Waterfall is a small suburb in southern Sydney, in the state of New South Wales, Australia. It is 40 km south of the Sydney central business district in the Sutherland Shire. It is the southernmost suburb of Sydney in the eastern corridor, on the Princes Highway, bordering Helensburgh.

==Geography==
Waterfall is bordered to the north by the suburb of Heathcote, with Engadine further north; by the Royal National Park to the east; and by Heathcote National Park to the west. Helensburgh is the next town, traveling south. Waterfall marks the southern border of the Sutherland Shire. It is approximately 230 metres above sea level.

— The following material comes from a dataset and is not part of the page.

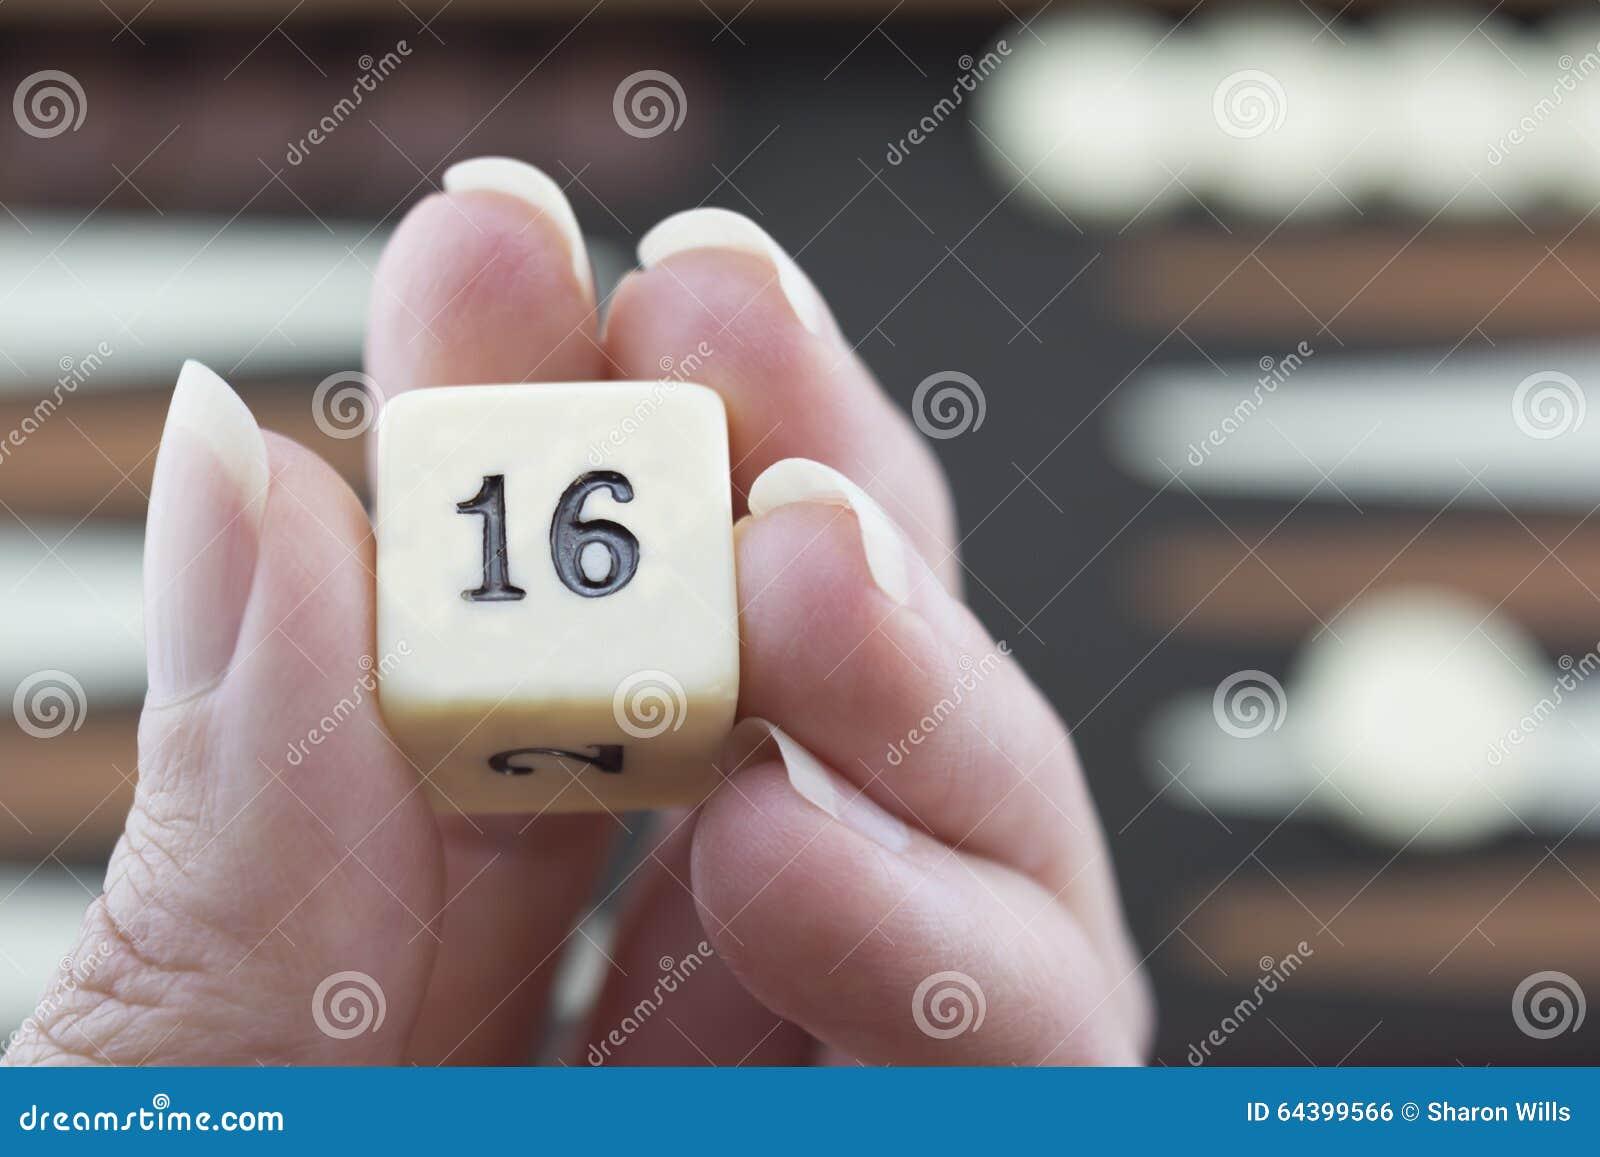 Speelspelenreeks - Rolling Backgammon dobbel - Nr 16

Waterfall has only seven streets. The bushland gives the small suburb a natural surrounding and walking tracks lead from it into the neighbouring national parks. To the west is a dammed lake and behind it is Mount Westmacott.

== History ==
Waterfall began in 1884 as a railway construction workers' camp and staging point for the construction of the Illawarra railway line between Sydney and Wollongong in the late 19th century. The site was the last point where the railway alignment and Illawarra Road (now Princes Highway) were in close proximity. A large number of railway construction workers were needed for the extensive excavation and tunnelling works beyond Waterfall to the south. It is the site of the highest point on the line, with a steep rising gradient at one end, and a falling gradient at the other end, and sidings were provided in both directions to allow freight wagons to be stowed and shunted. A reservoir was built nearby and water pumped to the railway to re-water steam trains after their ascent. The original Waterfalls railway station opened in 1886. This railway station, railway buildings and houses were located 600m to the south of the present station and the school opened nearby. As rail traffic and facilities grew, the railway was duplicated and a larger, permanent settlement became established.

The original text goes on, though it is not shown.